Azure Kubernetes Fleet Manager and member clusters

This article provides a conceptual overview of fleets, member clusters, and hub clusters in Azure Kubernetes Fleet Manager (Fleet).

What are fleets?

A fleet resource acts as a grouping entity for multiple AKS clusters. You can use them to manage multiple AKS clusters as a single entity, orchestrate updates across multiple clusters, propagate Kubernetes resources across multiple clusters, and provide a single pane of glass for managing multiple clusters. You can create a fleet with or without a hub cluster.

A fleet consists of the following components:

This screenshot shows a diagram of the fleet resource, including the hub cluster agent and the member cluster agent.

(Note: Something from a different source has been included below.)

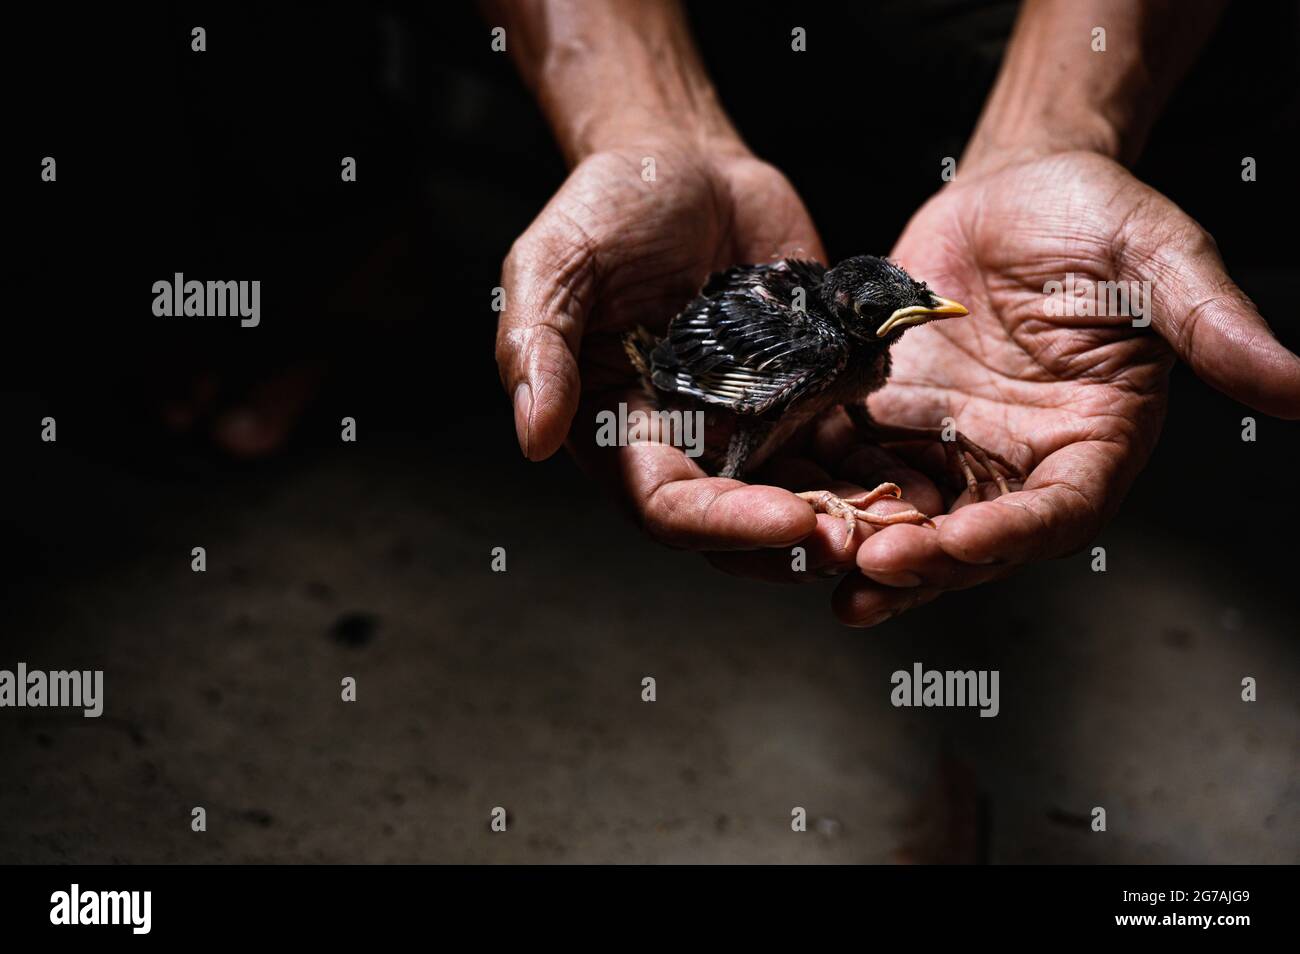 Un poussin de myna de la jungle (Acridotheres fuscus) est tombé au sol du nid. Ce membre de l'oiseau de famille étoilé se trouve principalement dans le continent du sous-continent indien. Un restaurationniste sauve le bébé oiseau à Tehatta, Bengale-Occidental; Inde. Banque D'Images

  • fleet-hub-agent: A Kubernetes controller that creates and reconciles all the fleet-related custom resources (CRs) in the hub cluster.
  • fleet-member-agent: A Kubernetes controller that creates and reconciles all the fleet-related CRs in the member clusters. This controller pulls the latest CRs from the hub cluster and consistently reconciles the member clusters to match the desired state.

What are member clusters?

The MemberCluster represents a cluster-scoped API established within the hub cluster, serving as a representation of a cluster within the fleet. This API offers a dependable, uniform, and automated approach for multi-cluster applications to identify registered clusters within a fleet. It also facilitates applications in querying a list of clusters managed by the fleet or in observing cluster statuses for subsequent actions.

You can join Azure Kubernetes Service (AKS) clusters to a fleet as member clusters. Member clusters must reside in the same Microsoft Entra tenant as the fleet, but they can be in different regions, different resource groups, and/or different subscriptions.

Taints

Member clusters support the specification of taints, which apply to the MemberCluster resource. Each taint object consists of the following fields:

  • key: The key of the taint.
  • value: The value of the taint.
  • effect: The effect of the taint, such as NoSchedule.

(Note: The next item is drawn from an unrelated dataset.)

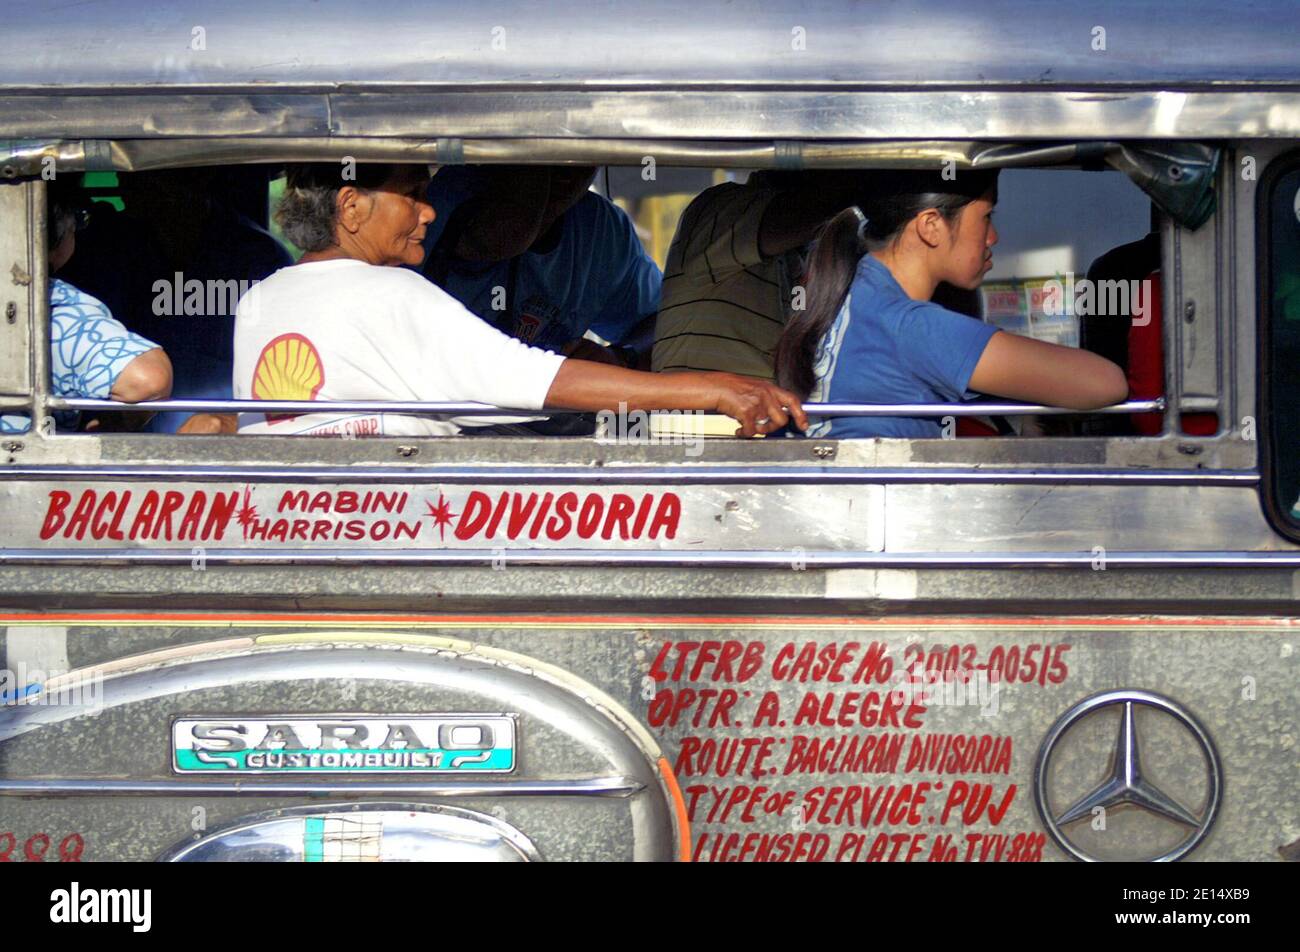 Filipinos nehmen einen Jeepney in Manila, Philippinen. Der ikonische Transport umfasst öffentliche und private Jeepneys wetteifern verschiedene Routen auf der Seite des Fahrzeugs geschrieben. Einzigartig auf den Philippinen, fand diese Art des Transports seine Vorlage in den Überschuss militärischen Jeeps, die von den USA nach dem Zweiten Weltkrieg links In den letzten Jahren wurden die Fahrzeuge stärker reguliert, einschließlich eines Auslaufprogramms von mehr als 15 Jahre alten Jeepneys. Stockfoto

Once a MemberCluster is tainted, it lets the scheduler know that the cluster shouldn't receive resources as part of the resource propagation from the hub cluster. The NoSchedule effect is a signal to the scheduler to avoid scheduling resources from a ClusterResourcePlacement to the MemberCluster.

For more information, see the upstream Fleet documentation.

What is a hub cluster (preview)?

Important

Azure Kubernetes Fleet Manager preview features are available on a self-service, opt-in basis. Previews are provided "as is" and "as available," and they're excluded from the service-level agreements and limited warranty. Azure Kubernetes Fleet Manager previews are partially covered by customer support on a best-effort basis. As such, these features aren't meant for production use.

Certain scenarios of fleet such as update runs don't require a Kubernetes API and thus don't require a hub cluster. Fleet can be created without the hub cluster for such scenarios. In this mode, Fleet just acts as a grouping entity in Azure Resource Manager.

For other scenarios such as Kubernetes resource propagation, a hub cluster is required. This hub cluster is a special AKS cluster whose lifecycle (creation, upgrades, deletion) is managed by the fleet resource. Any Kubernetes objects provided to the hub cluster are only stored as configurations on this cluster. Pod creation is disabled on this locked down hub cluster. Thus Fleet doesn't allow running any user workloads on the hub cluster and instead only allows using hub cluster for storing configurations that need to be propagated to other clusters or configurations that control cross-cluster orchestration.

The following table lists the differences between a fleet without hub cluster and a fleet with hub cluster:

Feature dimension Without hub cluster With hub cluster (preview)
Hub cluster hosting (preview)
Member cluster limit Up to 100 clusters Up to 20 clusters
Update orchestration across multiple clusters
Kubernetes resource object propagation (preview)
Multi-cluster L4 load balancing (preview)

Upon the creation of a fleet, a hub cluster is automatically created in the same subscription as the fleet under a managed resource group named as FL_*.

To improve reliability, hub clusters are locked down by denying any user initiated mutations to the corresponding AKS clusters (under the Fleet-managed resource group FL_*) and their underlying Azure resources like VMs (under the AKS-managed resource group MC_FL_*) via Azure deny assignments.

Hub clusters are exempted from Azure policies to avoid undesirable policy effects upon hub clusters.

Billing

The fleet resource without hub cluster is currently free of charge. If your fleet contains a hub cluster, the hub cluster is a standard tier AKS cluster created in the fleet subscription and paid by you.

FAQs

Can I change a fleet without hub cluster to a fleet with hub cluster?

Not during hub cluster preview. This is planned to be supported once hub clusters become generally available.